Petari · 28-11-2012, 10:59:11

Yes. Errors by PCS conversion - which is still in Beta phase. Currently doing another one, with slower and better PCS conv. mode. 1 min for 1 frame.
Hopefully, Douglas Little will do updates soon.

Cyg · 28-11-2012, 12:52:56

Great ! Except a bug on the left at 1'00 ?

I had few hours these last days to almost finish my C version of higheSTcolor, still have few hours to work, I should deliver you something by tomorrow night (depending of my newborn son needs ;-) ).

It can go fast, 6s per picture for an quite good result and the quality is a little improved from what you saw before because now I think I have enough power for the algorithm to converge to the "ultimate" result.

What are your overscan colors/palettes timings ?

Best regards
Cyg

Petari · 28-11-2012, 16:32:51

I corrected errors in overtake vid. Using PCS m5 - it is quite slow with default settings - 1 min for 1 conversion. Reconverted some 150 frames at end. URL is same.
Will do some others with overscan in days.

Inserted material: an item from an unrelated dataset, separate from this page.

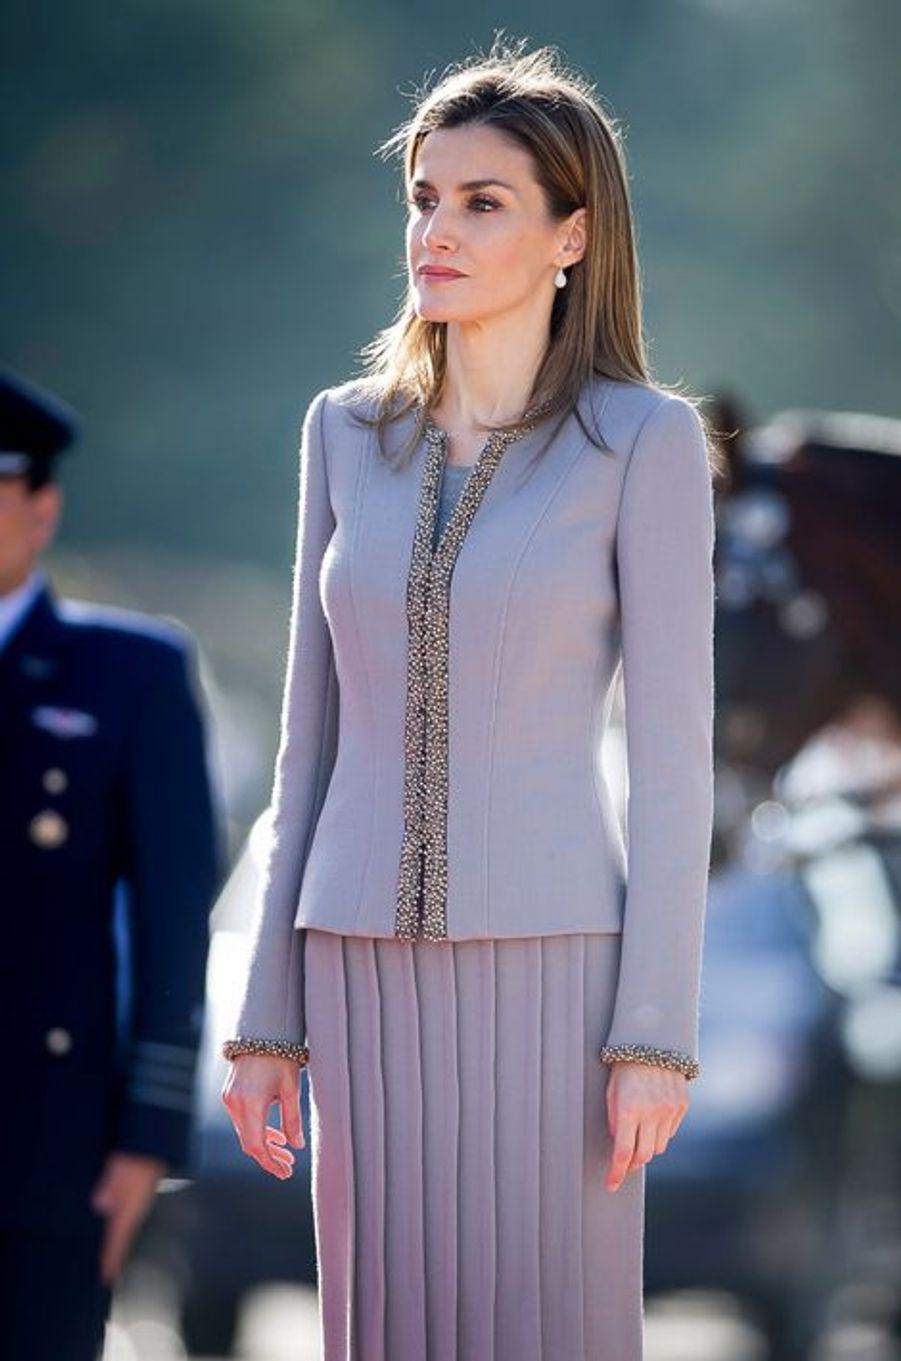 Le roi Felipe VI d'Espagne et la reine Letizia reçoivent Michelle Bachelet au palais du Pardo à Madrid, le 29 octobre 2014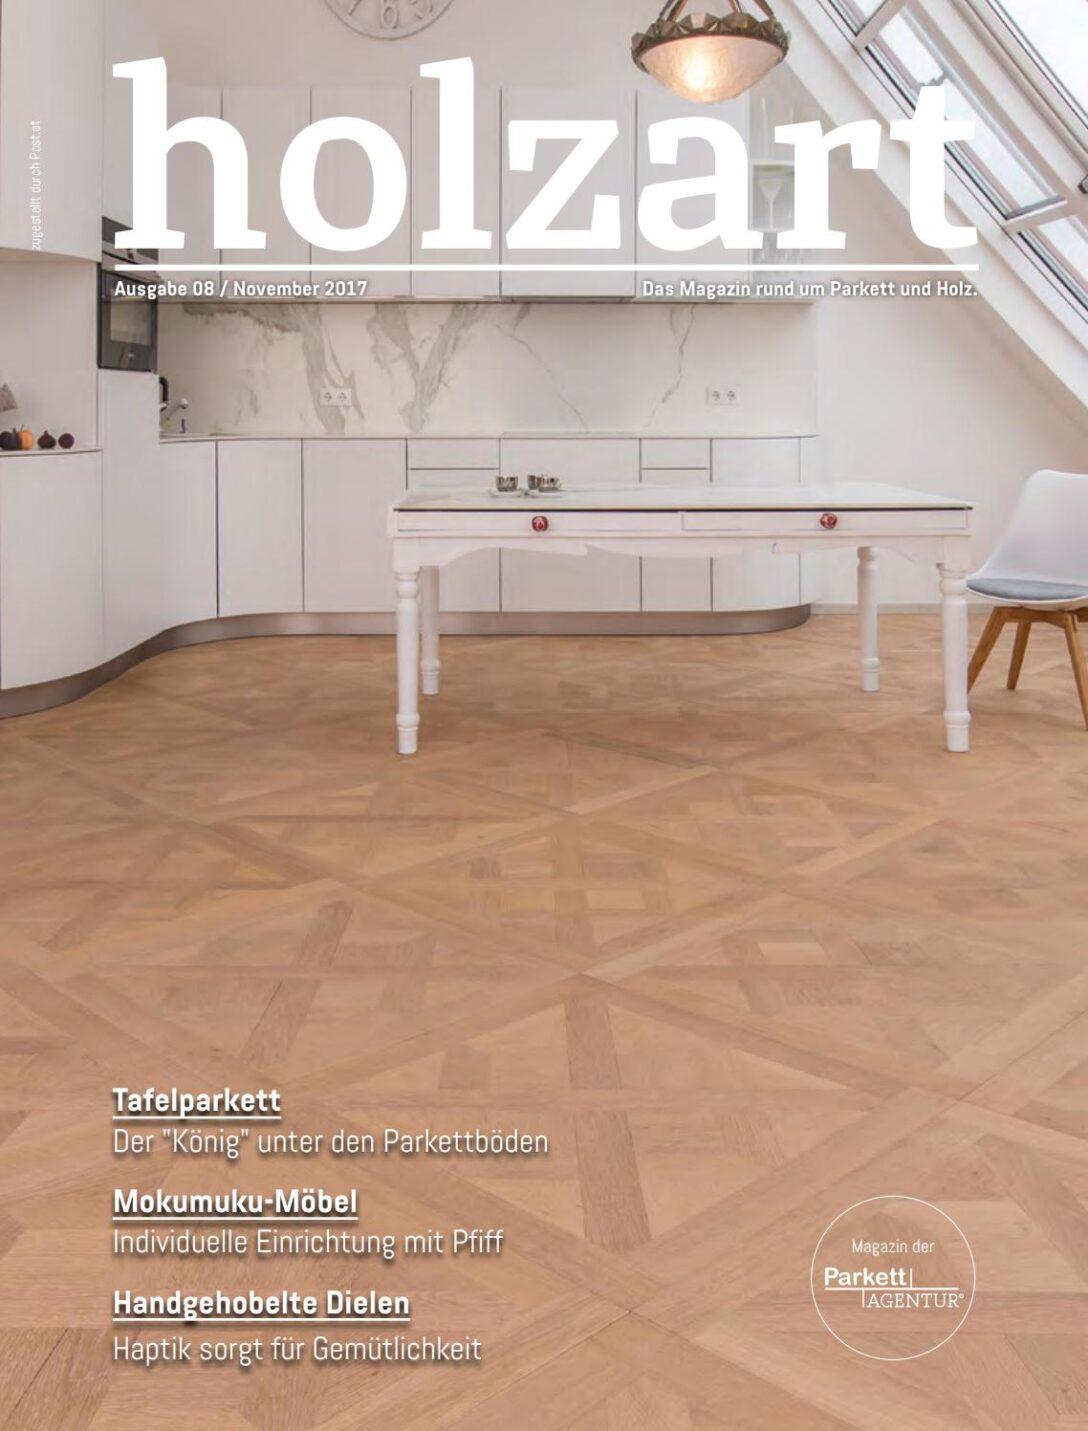 Large Size of Mokumuku Franz Holzart November 2017 By Wohnnet Fertig Sofa Französische Betten Wohnzimmer Mokumuku Franz

Overscan is res: 416x228 px . Good that no border left and right. 48 colors/line. Can not more, because need to load parts of bitmap interleaved with colors. And no way to have complete separated palettes for lines. 6 colors from last palette of upper line go to begin of line. I think that it is best what can achieve. There is only 48T state for loading colors in H-blank. I can there load 10 colors. Plus, I couldn't center image vertically, because it would take too much CPU time. Not so big flaw, I think. That palette sharing between lines slowdowns PCS conversion a lot.
But this is max, what we can with overscan, I think. Other useful res would be 320x240 - for 4:3 AR material.
I need to do some experiments with dot timings yet - sometimes I have errors on STE depending on it's warming, it seems.
Maybe need to shift 1px left or right.

Cyg, what preprocessings you use ?

Cyg · 28-11-2012, 17:10:18

Preprocessing : nothing (or directly included in the source image) and (x+y) alternative floor/ceil rounding rule, nothing new.
As postprocessing, Floyd steinberg, but a little lighter than before.
And modes are 1 pix + 1 pal, 1 pix + 2 pal, 2 pix + 2 pal

Cyg

Petari · 29-11-2012, 13:35:02

I meant "directly included in the source image" - what doing with some imaging SW before giving it to your converter ?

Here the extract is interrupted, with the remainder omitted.